A Closer Listen
Montreal’s Avec le soleil sortant de sa bouche is ironically billed as a “stripped down quartet,” as the sound of their second album is as raucous as their first. The album begins with a boom and never lets up; it’s a non-stop jam that we’re eager to experience live. All of Zubberdust!‘s elements remain in place: head-nodding percussion, onomatopoaic David Byrne-esque vocals (we’re not the only ones to notice), tomahawk chop chants and a sense of gleeful abandon. One can imagine people dancing non-stop to this recording, which unfolds as a continuous session: three songs in ten parts that save for a single fade and pause may as well be one 43-minute track. The base tempo of each piece increases in succession along with its length, producing a trance-like effect akin to a DJ mix, albeit in the rock arena. This being said, some tracks contain rapid tempo changes, as first heard in the opening segment of the second composition: first a crunchy breakdown, then a rapid-fire spin, then a return to the groovy interplay of drums and bass.

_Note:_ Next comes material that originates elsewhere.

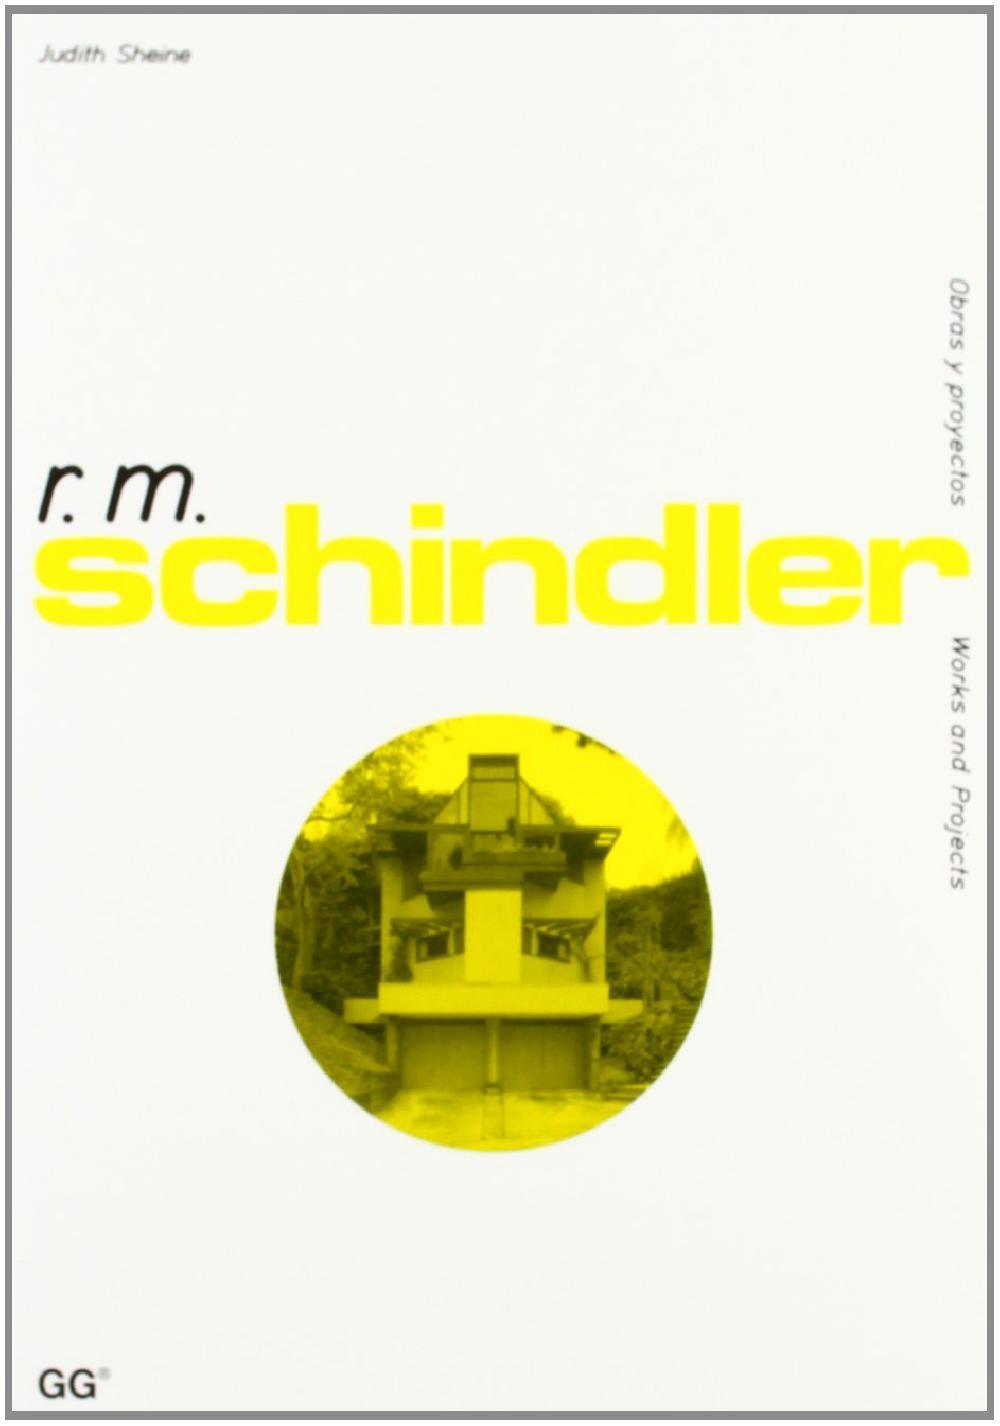 r.m. schindler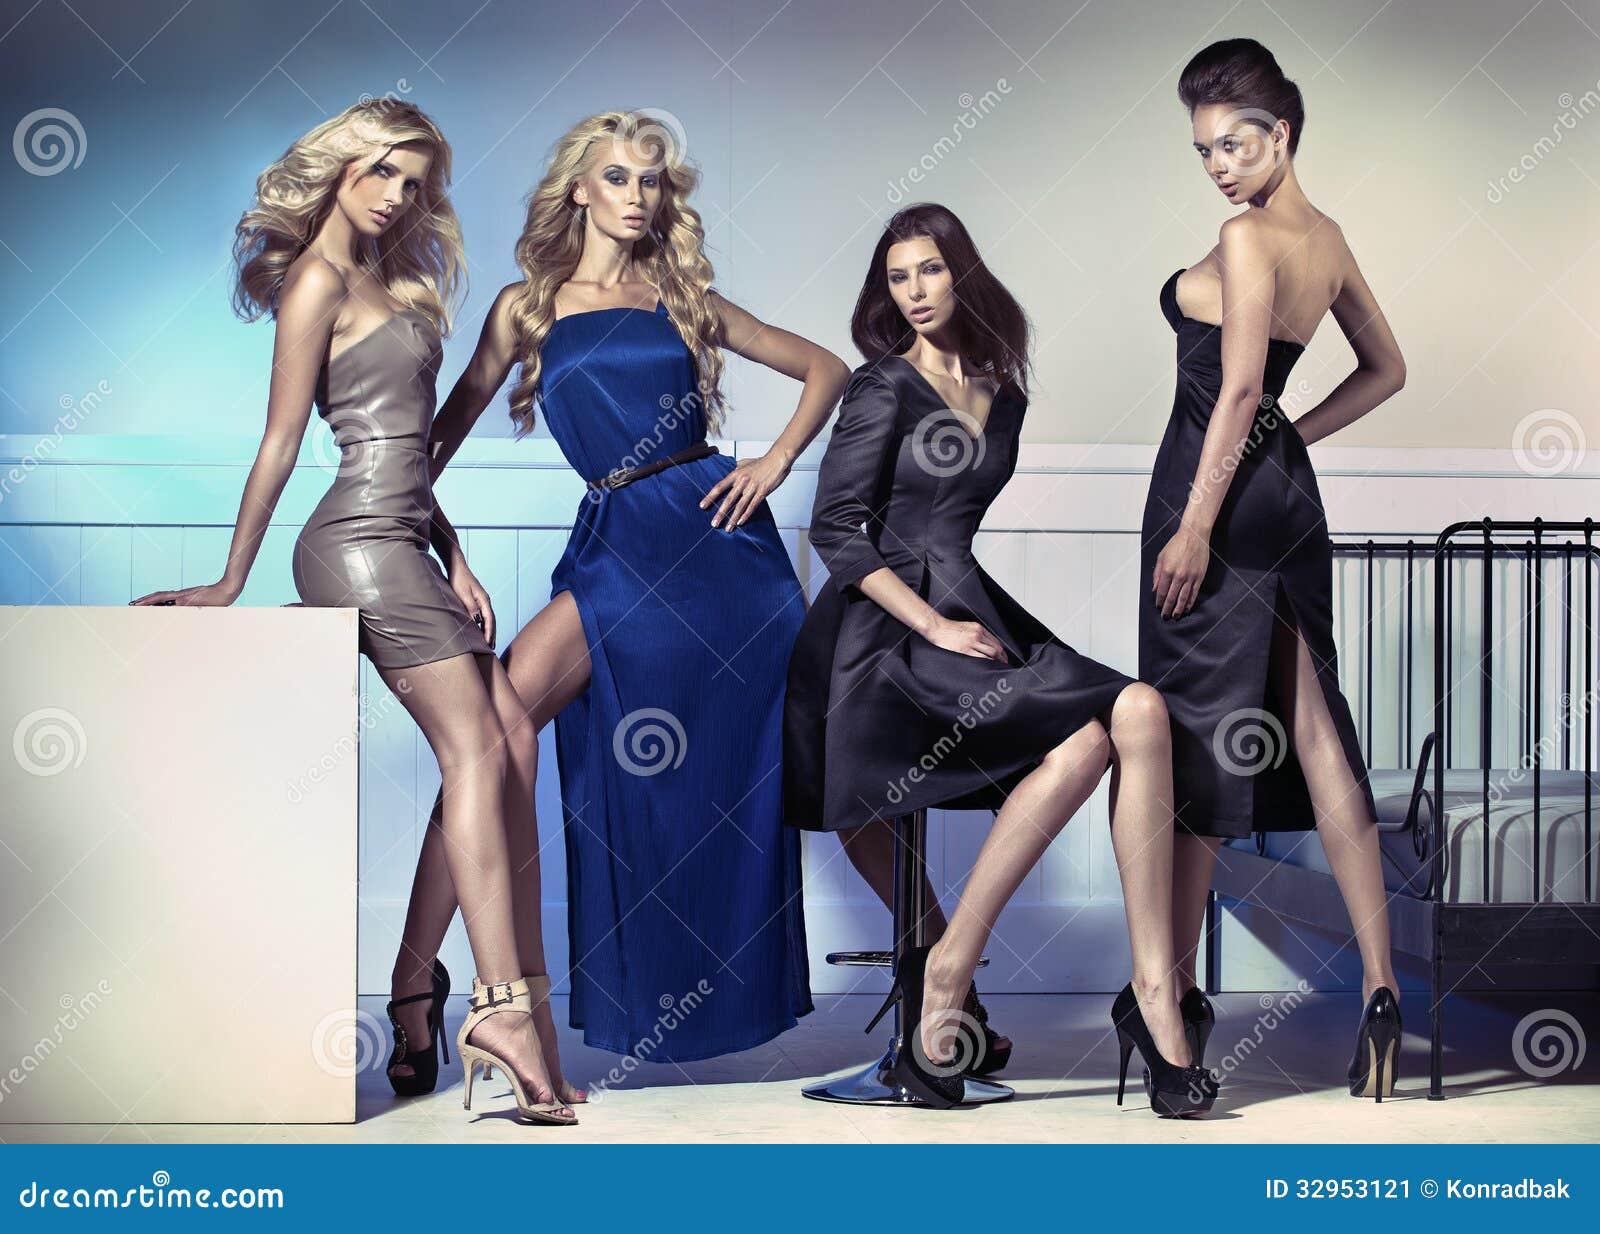 Imagen de la moda de cuatro modelos femeninos atractivos

One continues to wonder if David Byrne has heard of Avec le soleil sortant de sa bouche, as they have obviously heard of him, and now trumpet the aural association. There’s simply no escaping the fact that one is taking up where the other left off years ago with Talking Heads. It’s as if the quartet said, he isn’t making this sort of music anymore, so someone should. But there’s some full-throated screaming in the middle piece as well, a raging against the ridiculous nature of the modern world, reflected in the somewhat nonsensical title, “Alizé and Margaret D. Midi minus the quarter. On the beach, a bloody palm tree”. Distortion closes the piece, a sonic fuzz that flies against the melody and bursts its wings upon collision: a harsh moment repeated in the album’s closer to an even greater extent.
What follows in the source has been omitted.